We recently changed the way we treat the multi-model aspect of database management systems and introduced a new option in the popularity rankings. This article explains the ideas behind.

Today, the management, querying and efficient use of vast amounts of structured and unstructured data often requires storing that data with different specialised data models. That may be in tabular form (Relational DBMS), graphs (Graph DBMS), documents in JSON or XML form (Document Stores, XML DBMS), time-series data (Time Series DBMS) and with several other models.

For using more than one data model in parallel, there are basically two options:

  • Use a polyglot database architecture (multiple DBMS with a single model)
  • Use a multi-model DBMS (a single DBMS supporting multiple models)

Because both approaches are valid, many DBMS vendors extended their existing products to support additional data models. Some examples are:

Oracle, the undisputed leader of relational DBMS enhanced its product with document, graph and RDF capabilities, making it a multi-model DBMS.

In the version 8.0 of MySQL a new document store model was introduced, which allows JSON documents to be stored in collections and managed using CRUD operations.

Microsoft SQL Server, PostgreSQL, IBM Db2 and many other RDBMS similarly extended their functionalities with multi-model capabilities.

The same trend is also seen in NoSQL systems. E.g. Redis, the most popular key-value store extended its application scenarios with downloadable modules into a multi-model DBMS.

The situation is completed by DBMS's, which are originally built to process data in different shapes (e.g. ArangoDB, OrientDB or Microsoft Azure Cosmos DB).

The DB-Engines popularity ranking must allow for that situation, especially in the adequate handling of the multi-model aspect in the DB-Engines sub-rankings (e.g. in the ranking of document stores): one visitor of such a sub-ranking may want to see only the systems specialised for the specific data model in this ranking, and does not want to have all multi-model systems diluting that ranking. The other visitor just wants to have all databases supporting that data model in the corresponding sub-ranking. In order to facilitate that choice, we now provide a checkbox, which allows a visitor to switch between the two presentation formats.

To make that possible, we had to slightly redefine the semantics of the already existing attributes ‘primary database model’ and ‘secondary database model’. The former now denotes the data models for which a DBMS is normally known and is predominantly used. For example, there is no doubt that Oracle got its popularity from being a RDBMS, therefore its primary data model is ‘RDBMS’. As mentioned, it nowadays also supports document, graph and RDF models. This information is conveyed in the attribute ‘secondary database models’. As a consequence, the ‘primary models’-attribute controls in which sub-ranking a system goes and which database model is listed for the system within the ranking tables. Systems having more than one primary model just show up as ‘multi-model’. Clicking the checkbox in a sub-ranking includes also the databases supporting that data-model as a ‘secondary model’.

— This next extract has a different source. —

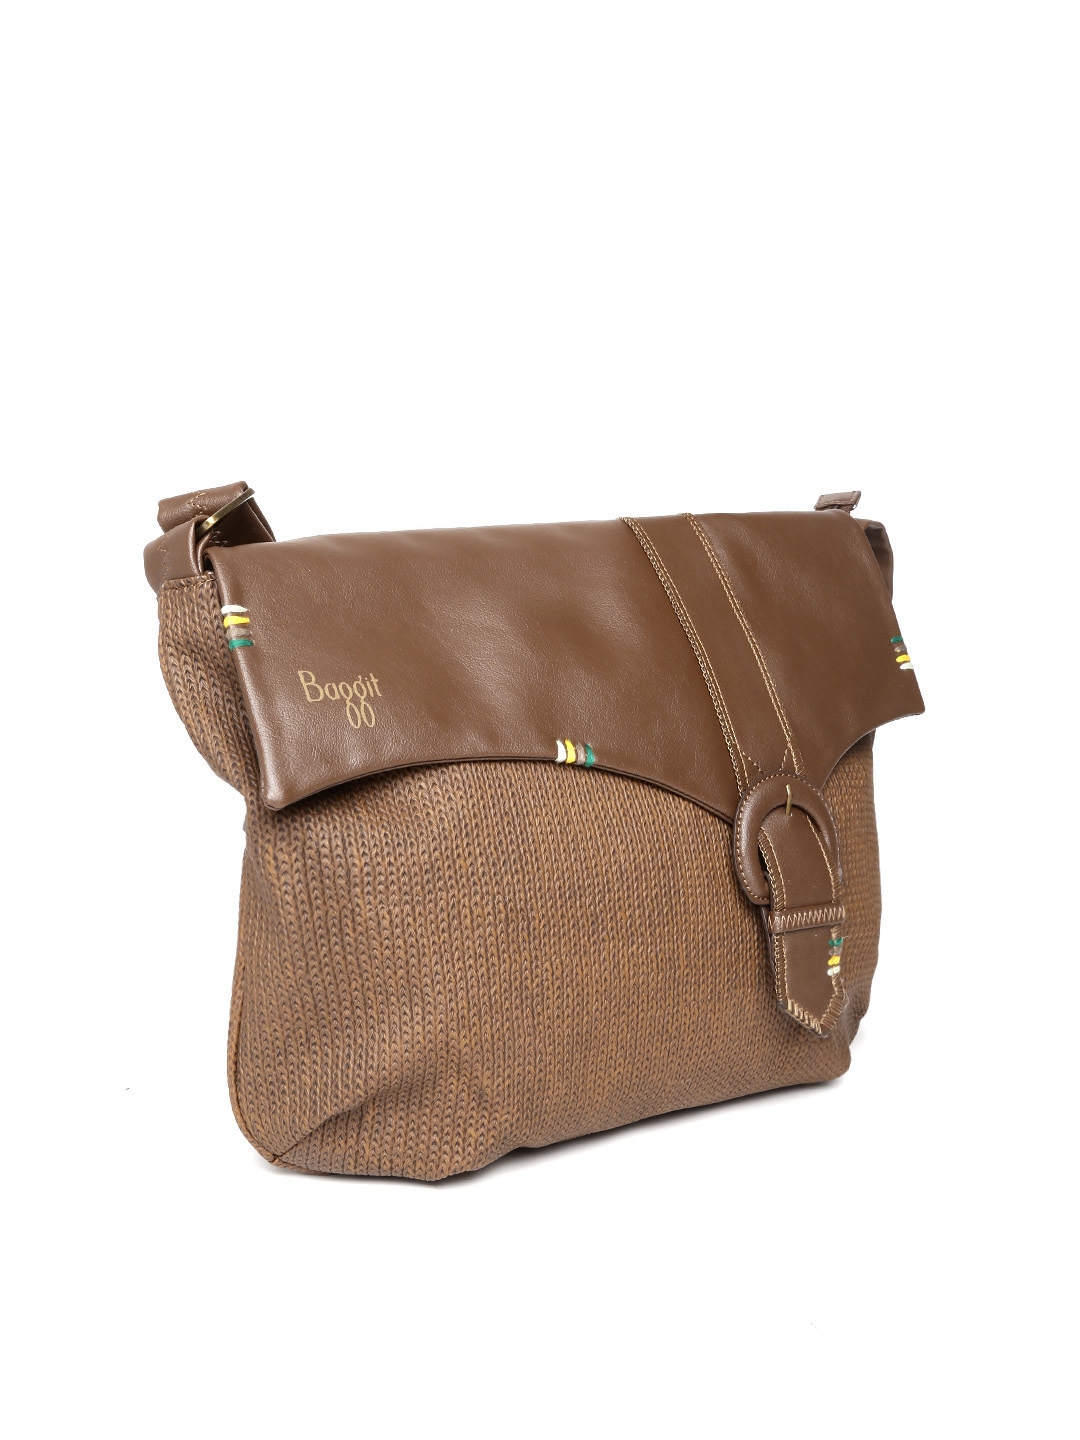 Myntra Baggit Brown Sling Bag 700179 | Buy Myntra Baggit Handbags at best price online. All ...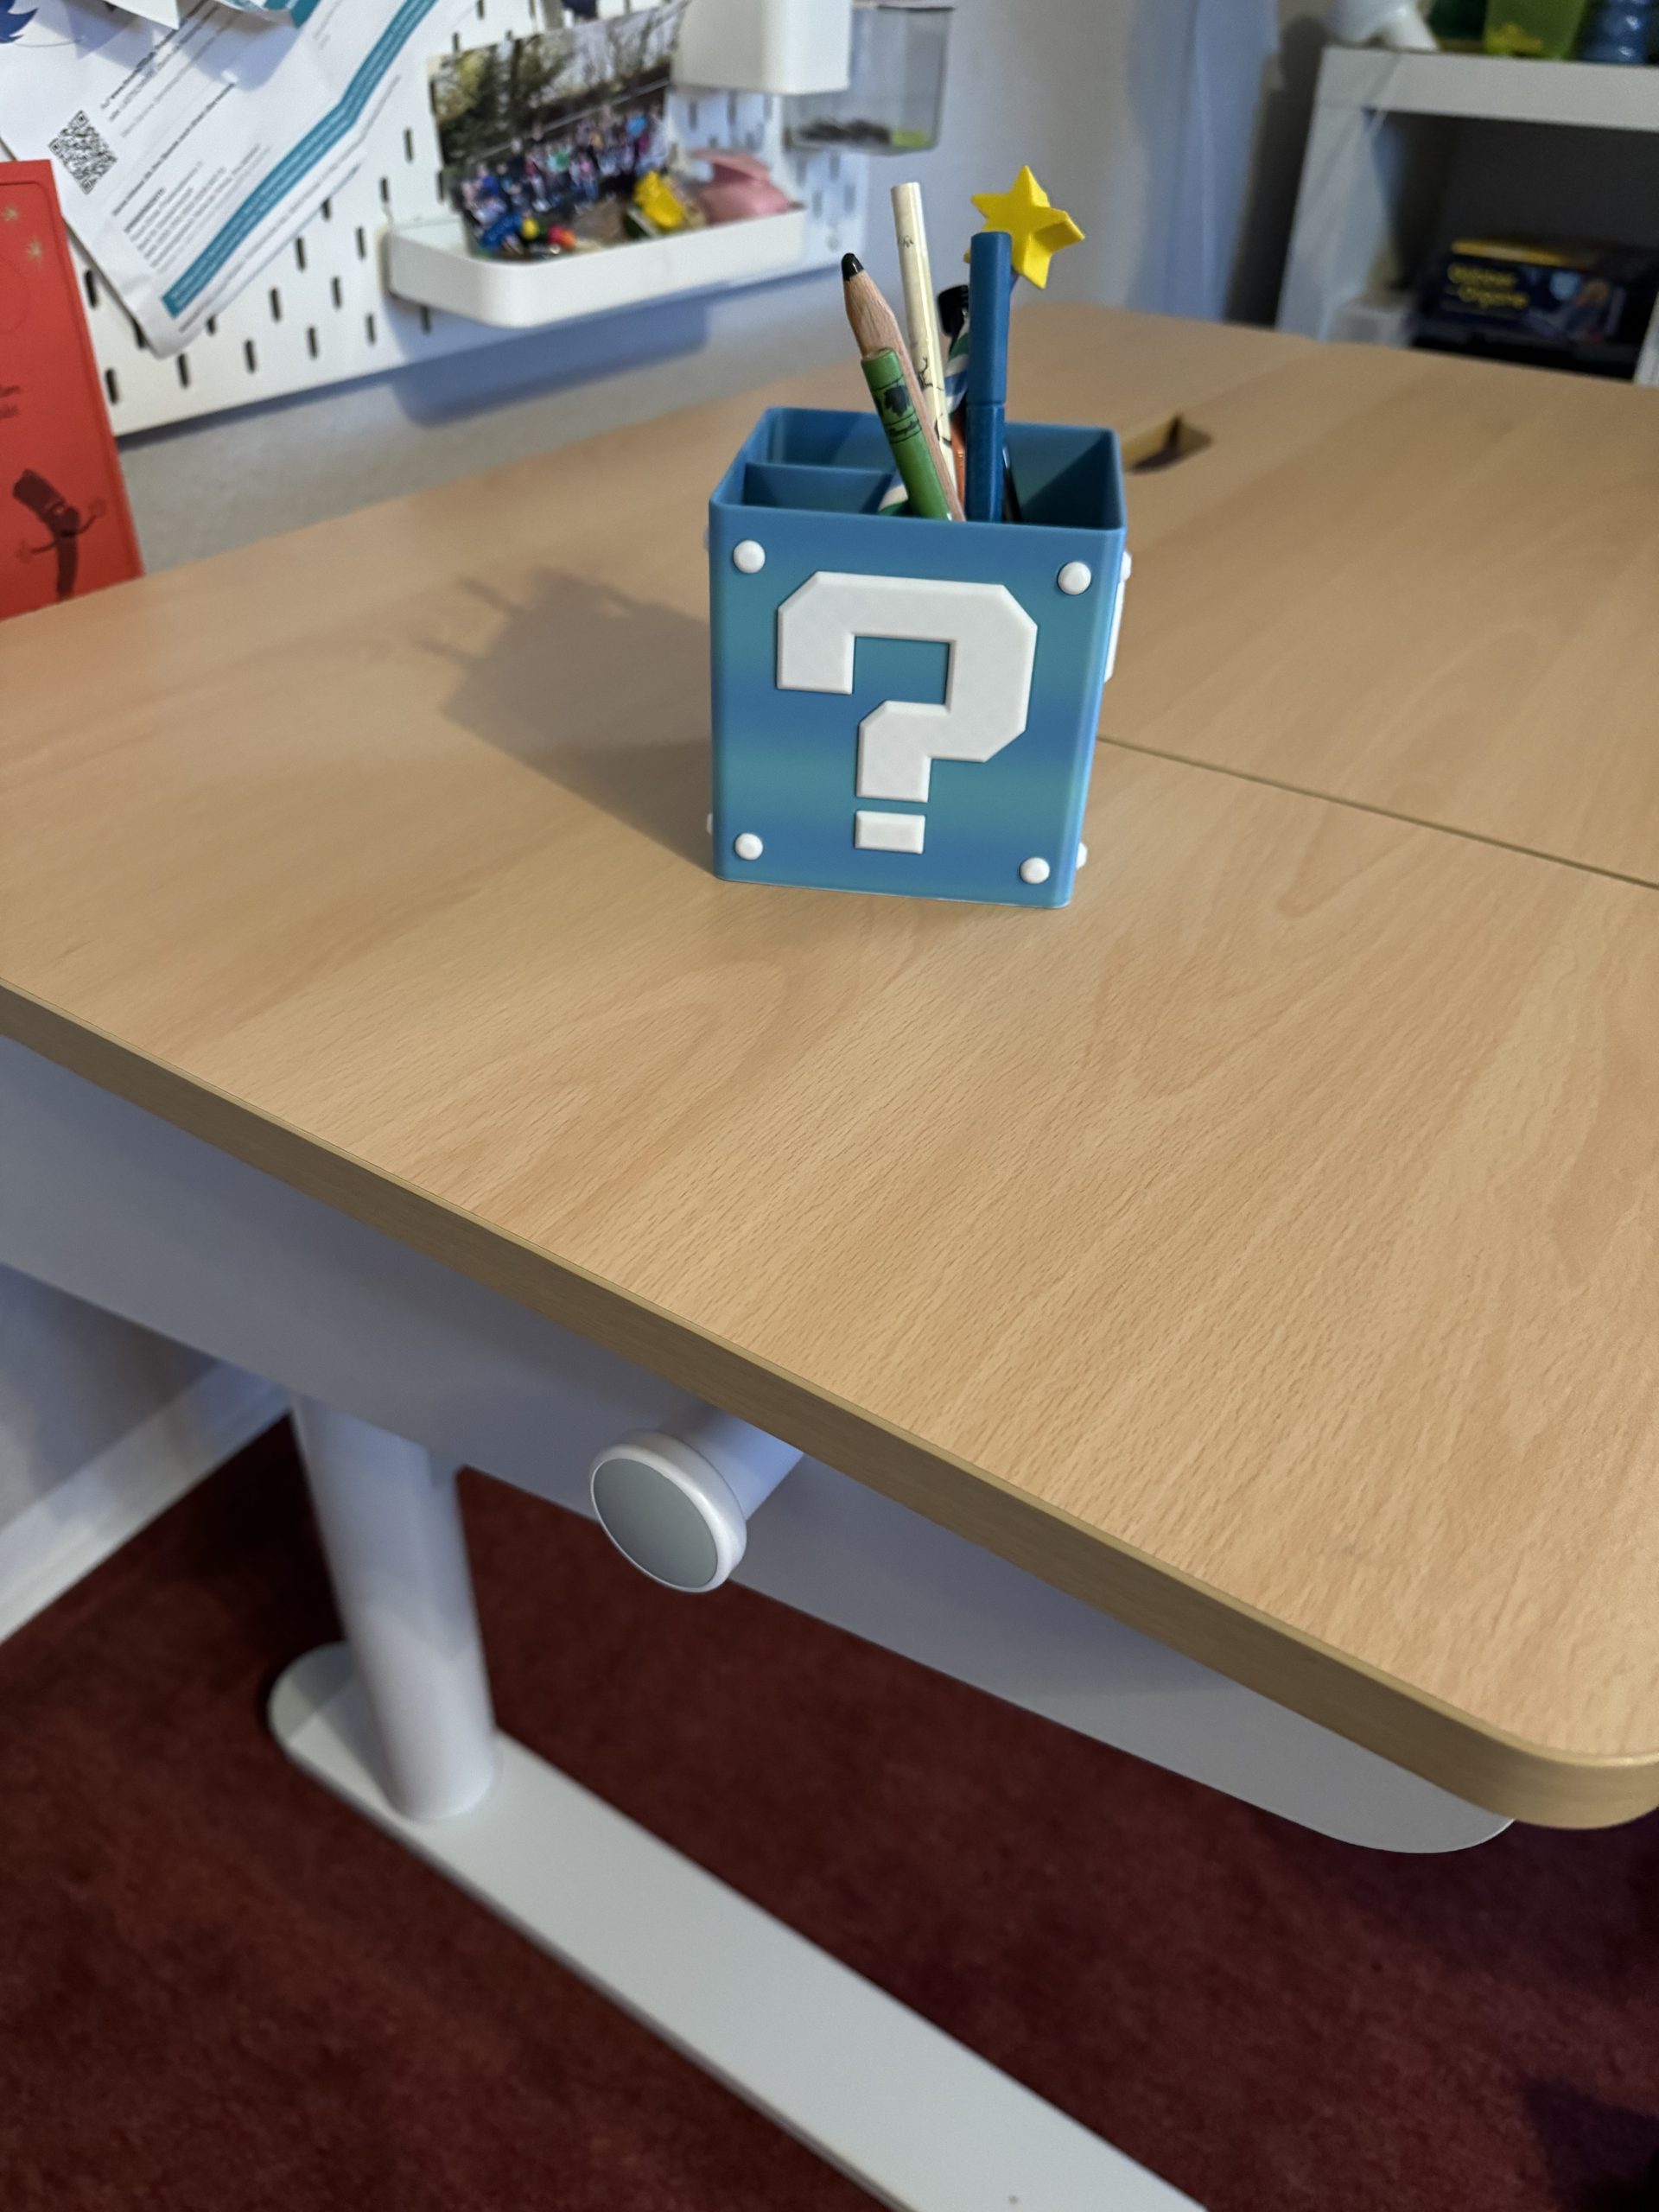 FlexiSpot SD2 im Test - elektrischer Schreibtisch für Kinder

It is important to mention, that these changes do not impact the various statistics about the overall popularity of data models (e.g. https://db-engines.com/en/ranking_categories), since we are still using the primary model for that calculation.

As some data models inherently can support other models (e.g. each relational system can be (mis-) used as a key-value store), we do not qualify a system as multi-model in that case.